Lischka: Mein Name ist Richard Lischka und ich komme aus einem landwirtschaftlichen Betrieb mit fast 700 Hektar und einem relativ hohen Zuckerrübenanteil in der Fruchtfolge. Ich habe Landwirtschaft studiert und bin seit fünf Jahren als Versuchstechniker bei der KWS. Angefangen hatte ich für den Bereich Seligenstadt und Südwest und seit 2025 verantworte ich auch die Versuche in Niederbayern. Wie sieht euer Jahresablauf aus?

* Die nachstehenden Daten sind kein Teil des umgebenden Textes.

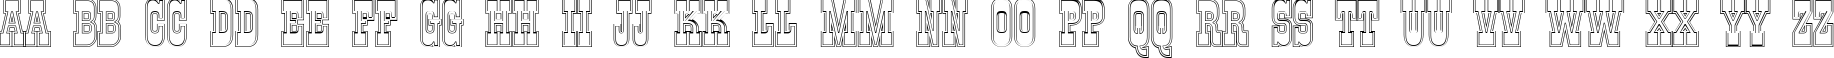 Пример написания английского алфавита шрифтом a_GildiaTitulDblOtl

Herbig: Von der Aussaat bis in den Juli ist für uns die intensivste Phase. Fehler, die hier gemacht werden, können nicht wieder gut gemacht werden. Wir Techniker verantworten Planung, Organisation und Qualitätskontrolle. Bis zur Ernte müssen dann die Bestände regelmäßig kontrolliert und bonitiert werden. Unsere modernen Ernteverfahren werden rechtzeitig zur Ernte den jeweiligen Versuchsstandorten zugeordnet. Wir Techniker haben vor allem die Planungsaufgaben. Alles muss organisiert sein: die Flächen beobachtet, das Saatgut vorbereitet, die Aussaat sichergestellt, die Kontrollen durchgeführt – und natürlich müssen wir immer dafür sorgen, dass die Mitarbeitenden motiviert werden.

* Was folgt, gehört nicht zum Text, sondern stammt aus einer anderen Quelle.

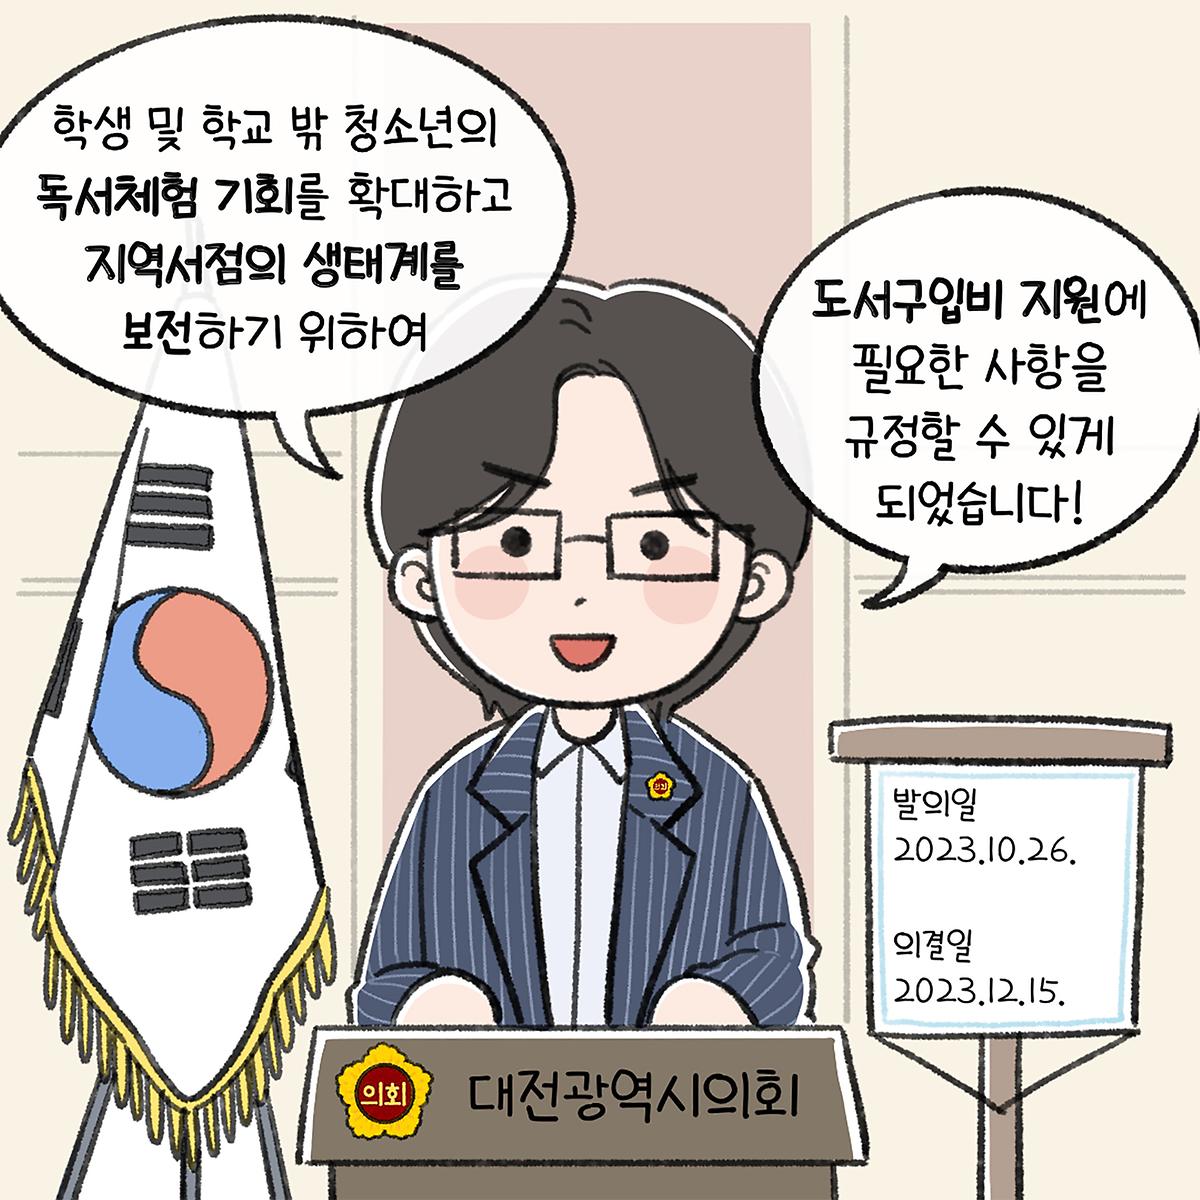 대전광역시 도서구입비 지원조례(박주화 의원 대표발의)

Lischka: Aktuell (Mitte Mai) stellen wir die Netze für den Zikadenschutz. Das muss zeitnah auf jeden Fall vor dem ersten Einflug der Zikaden geschehen.
Normalerweise besprechen wir täglich, ob wir unseren Plan durch Witterung oder besonders dringliche Anfragen anpassen müssen. Wir Techniker sind auch vor Ort auf dem Feld, sprechen mit den Mitarbeitenden alles durch, haben aber auch viele Meetings und Büroaufgaben. Zusätzlich gibt es auch den Austausch zwischen den Kulturarten, also Raps, Mais und Getreide, die Rücksprache mit den Züchtern sowie die Arbeitseinteilung und -kontrolle.

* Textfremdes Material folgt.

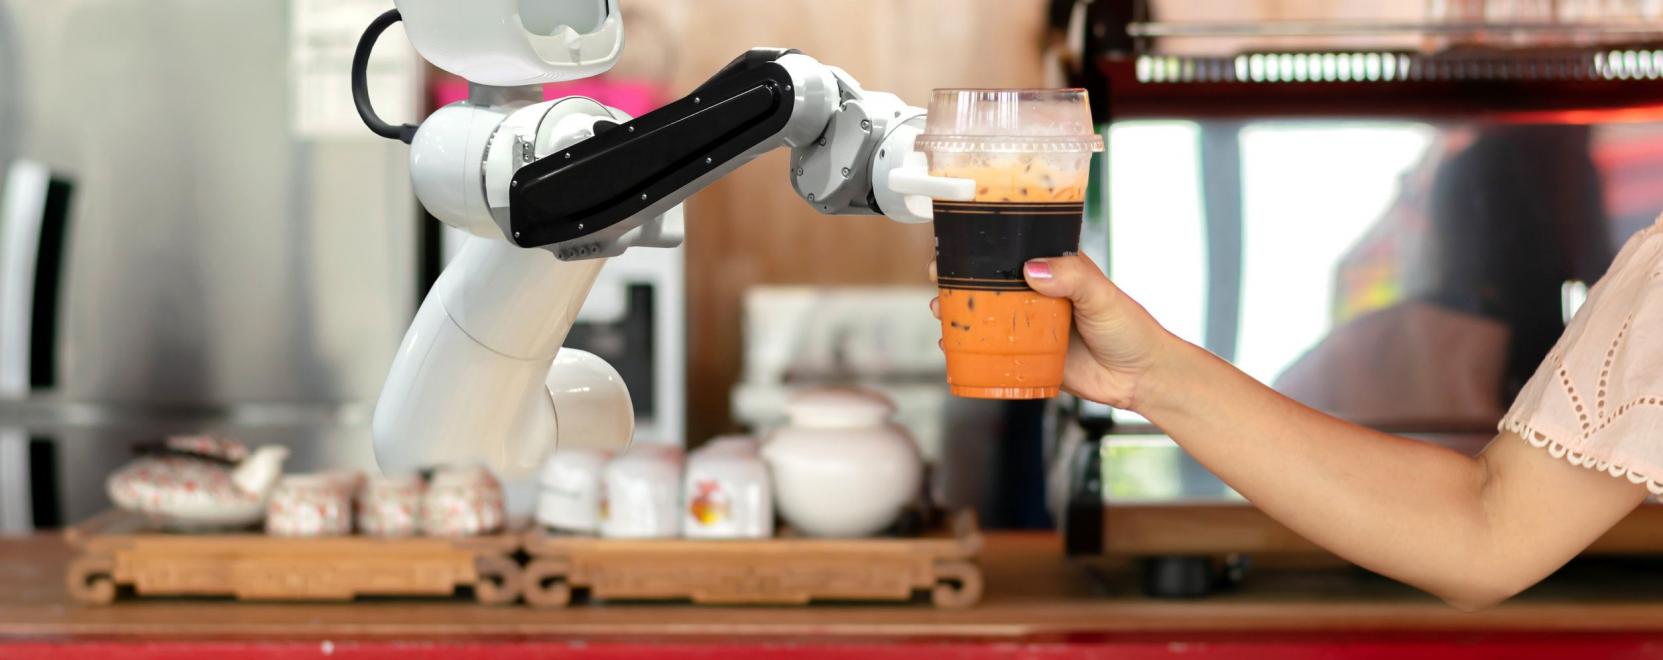 Kávéfőző robotokat is csatasorba állítanak a téli olimpián

Welche Versuche führt ihr durch und wie funktionieren diese?
Herbig: Wir führen die Leistungsprüfungen unserer neuesten Sortenkandidaten durch. Ertrag und Zuckergehalt sind sehr wichtige Kriterien. Wir sind besonders in Resistenzprüfungen engagiert: Cercospora, Rhizoctonia, Gürtelschorf, Vergilbungsviren, Insekten und jetzt auch extrem stark bei SBR.
Cercospora ist unser Klassiker. Um gleichmäßig hohen Befall abzusichern, inokulieren wir teilweise sogar unsere Felder. Das heißt, wir bestreuen die Rüben mit den Sporen, damit wirklich jede Parzelle das gleiche Ausgangsniveau hat.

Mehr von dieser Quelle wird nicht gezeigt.